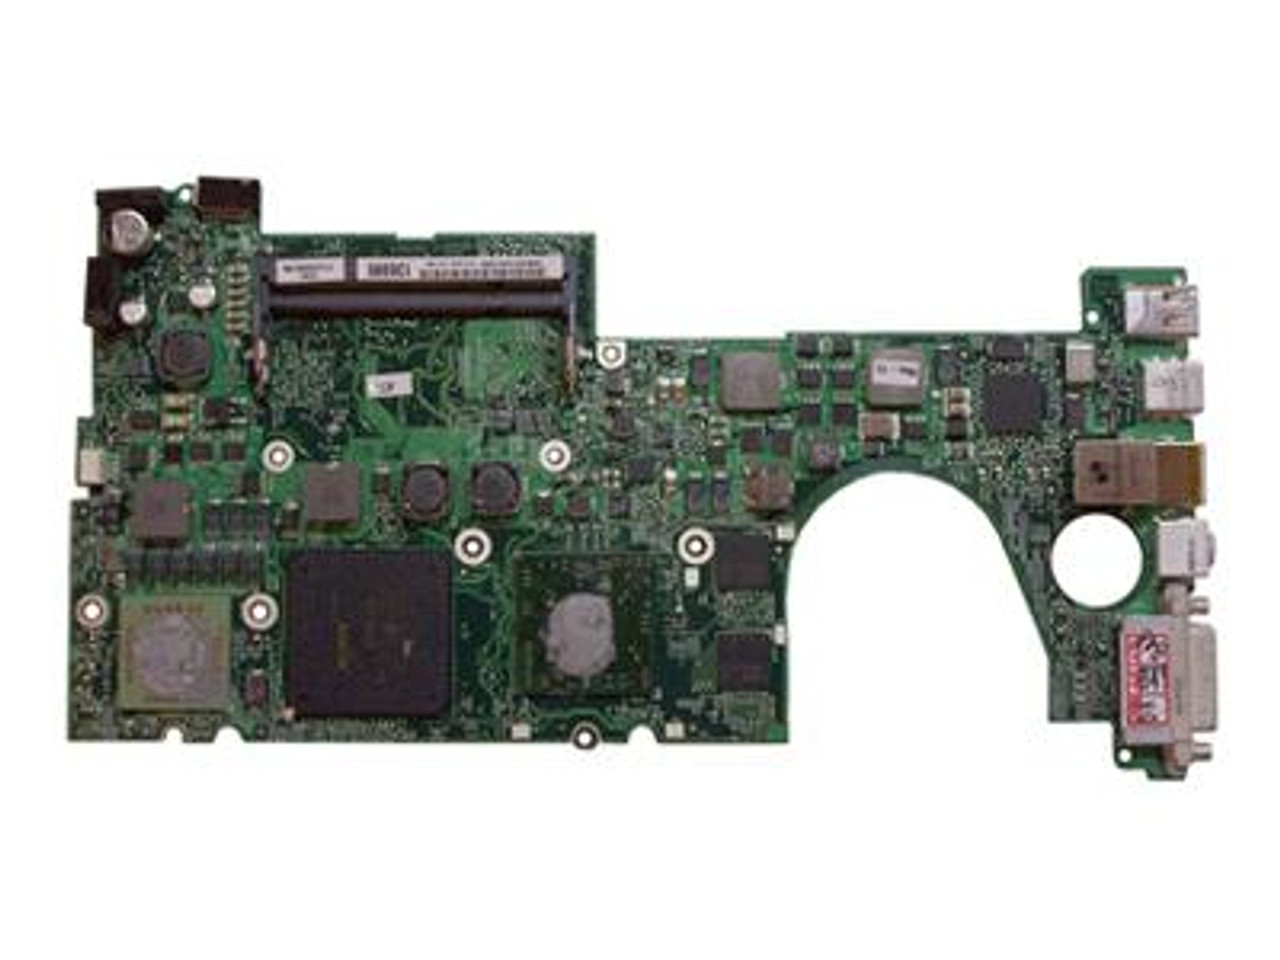 661-3748 Apple System Board (Motherboard) 1.67GHz CPU for PowerPC 7447a (G4) (Refurbished)
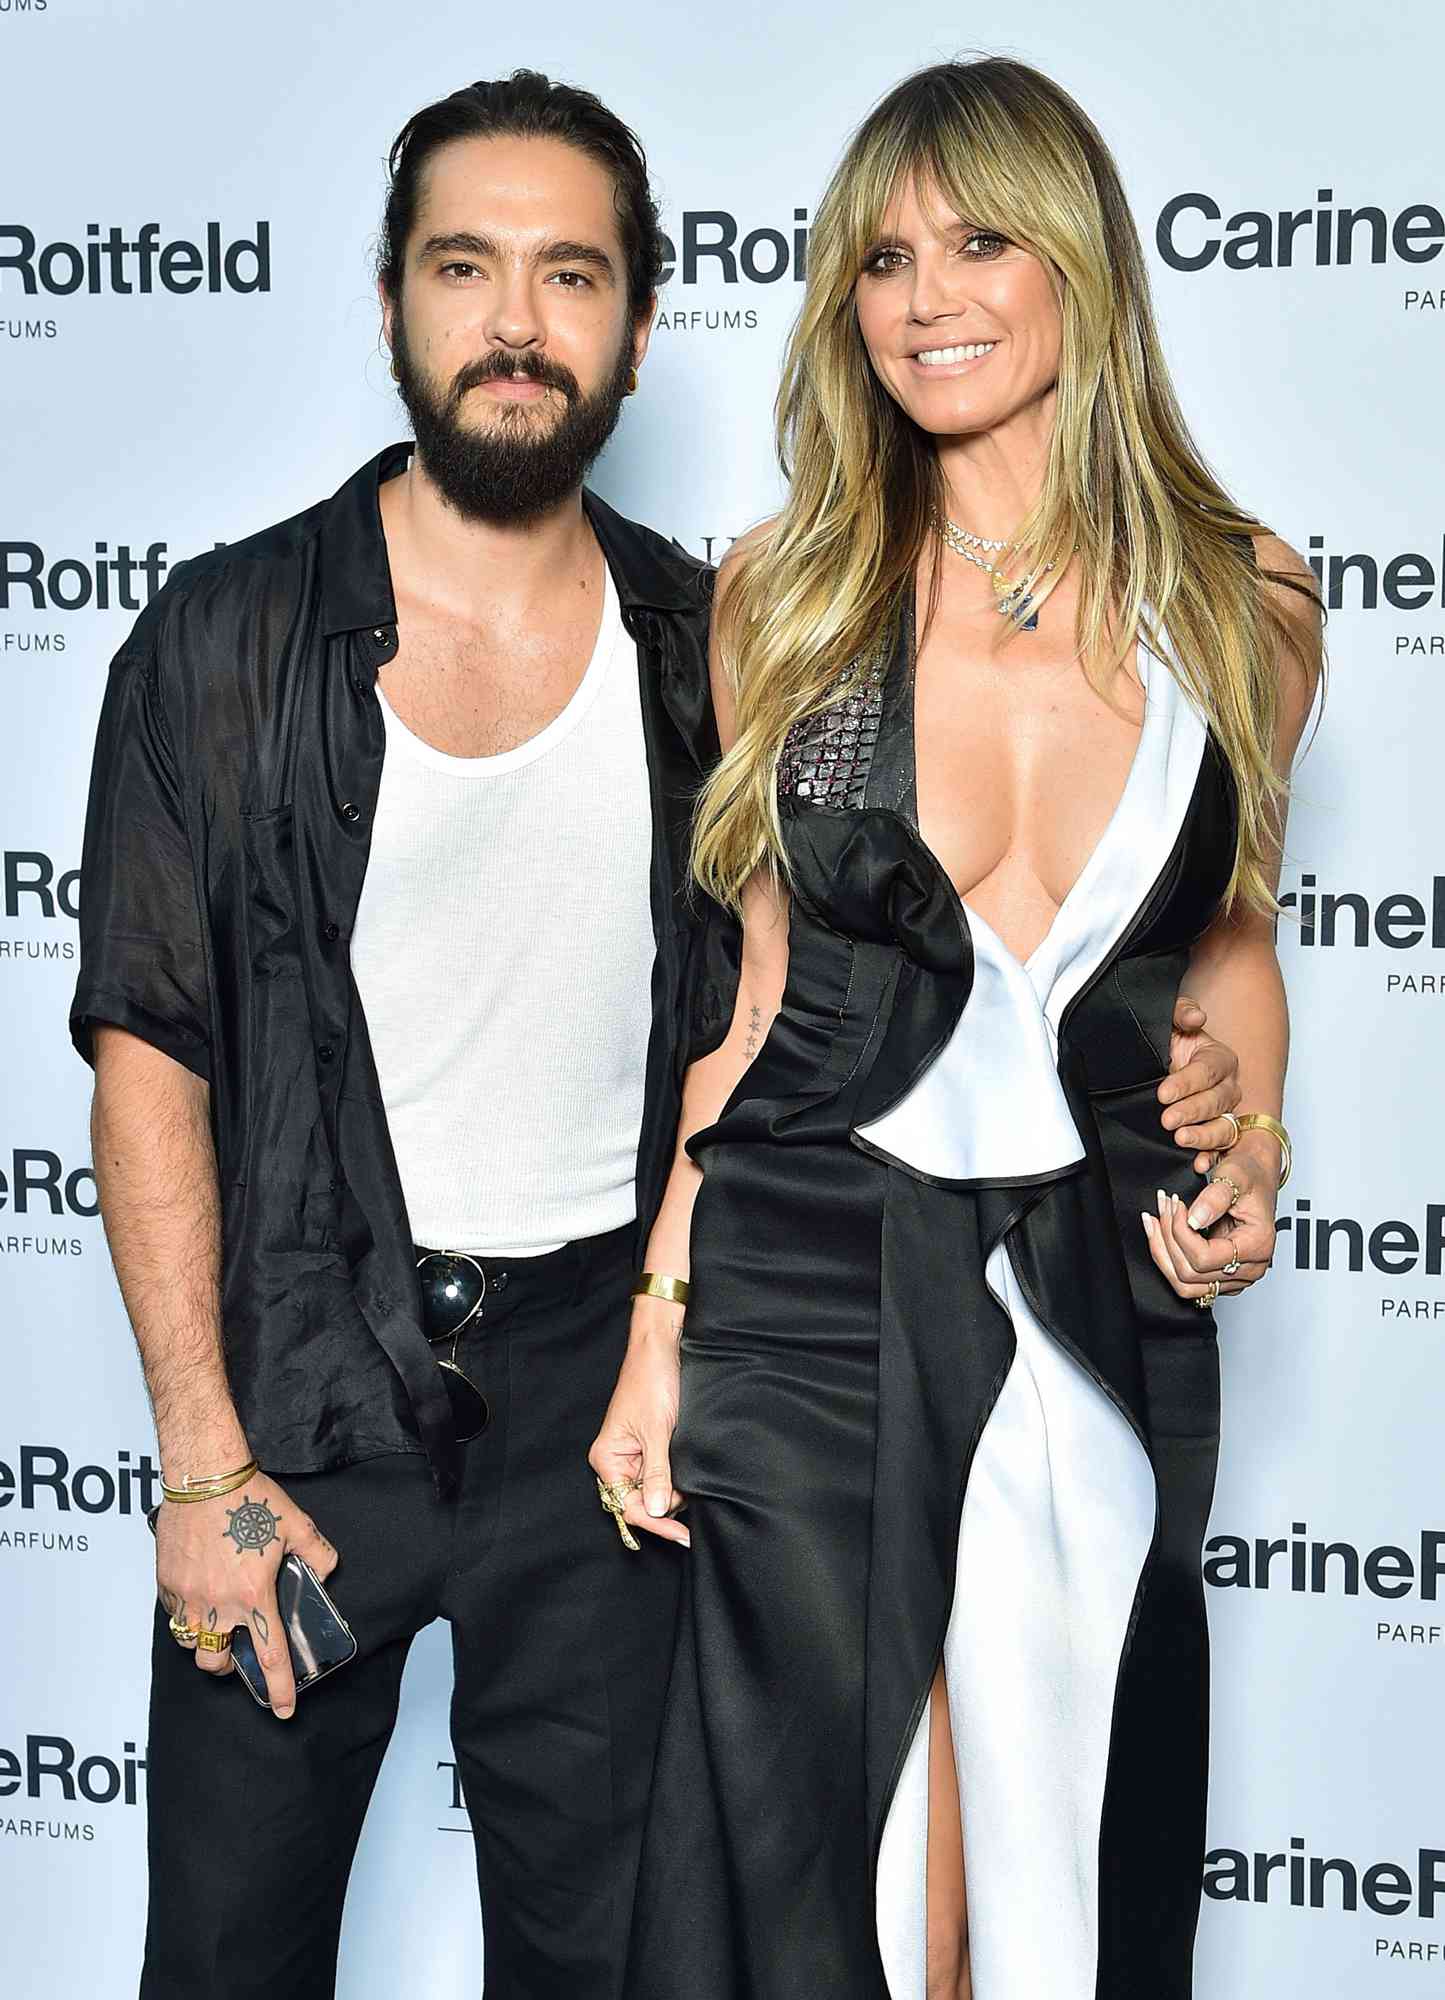 Tom Kaulitz and Heidi Klum attend the Carine Roitfeld Parfums "7 lovers" : Cocktail At The Peninsula Hotel In Paris on July 01, 2019 in Paris, France
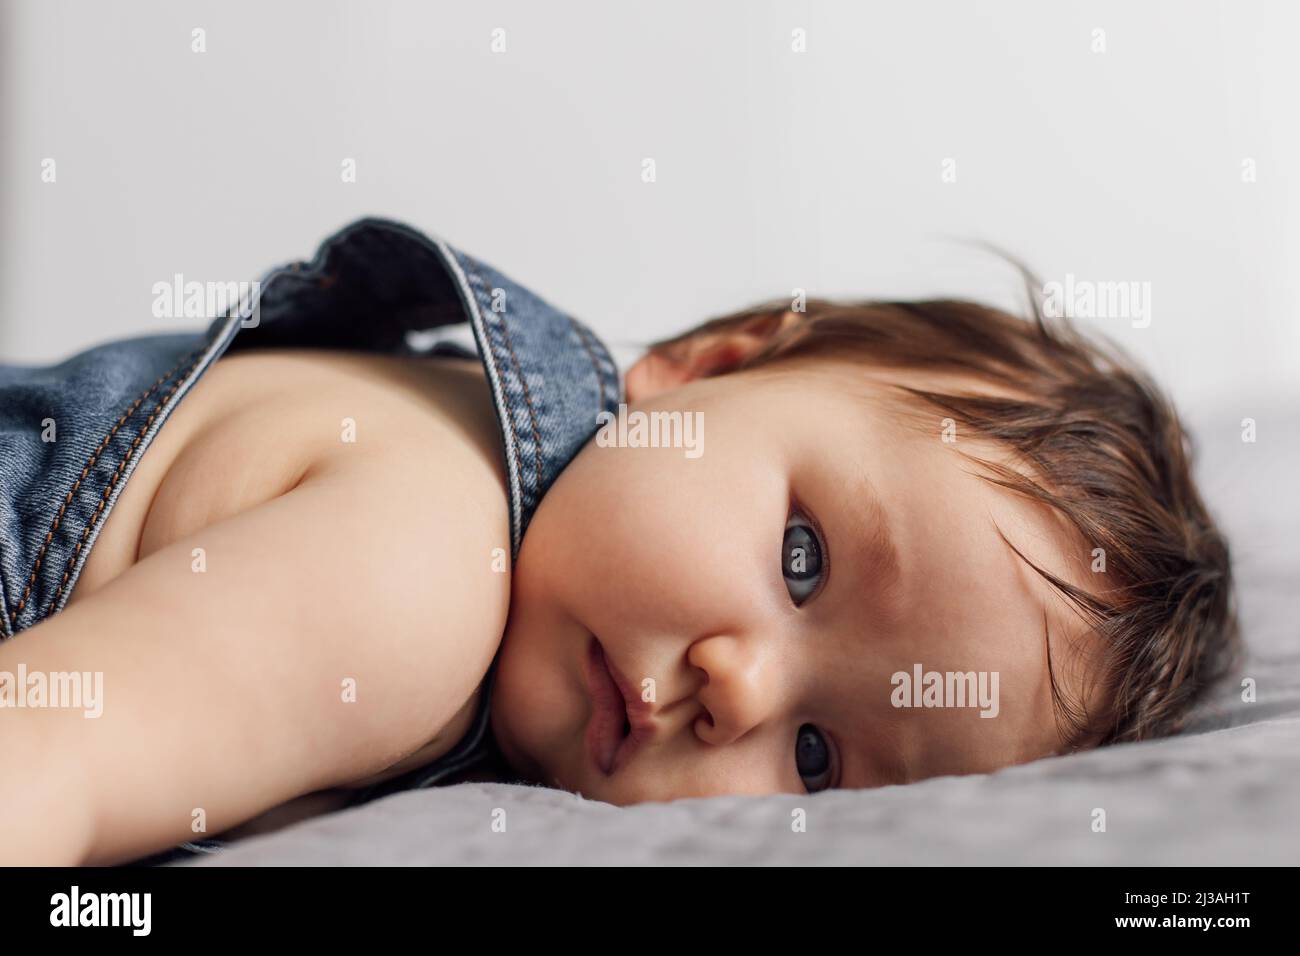 Portrait of pretty baby wearing denim romper lying on gray blanket at home. Tired blue eyed infant child rest on bed in bedroom, white background Stock Photo

-*-*-

## What is being asked
In the copy, include exactly the lines from the one with "Tom Kaulitz and" through the final line of the data, both ends included, and no pictures.

## Result of this exercise
 Tom Kaulitz and Heidi Klum attend the Carine Roitfeld Parfums "7 lovers" : Cocktail At The Peninsula Hotel In Paris on July 01, 2019 in Paris, France
 Portrait of pretty baby wearing denim romper lying on gray blanket at home. Tired blue eyed infant child rest on bed in bedroom, white background Stock Photo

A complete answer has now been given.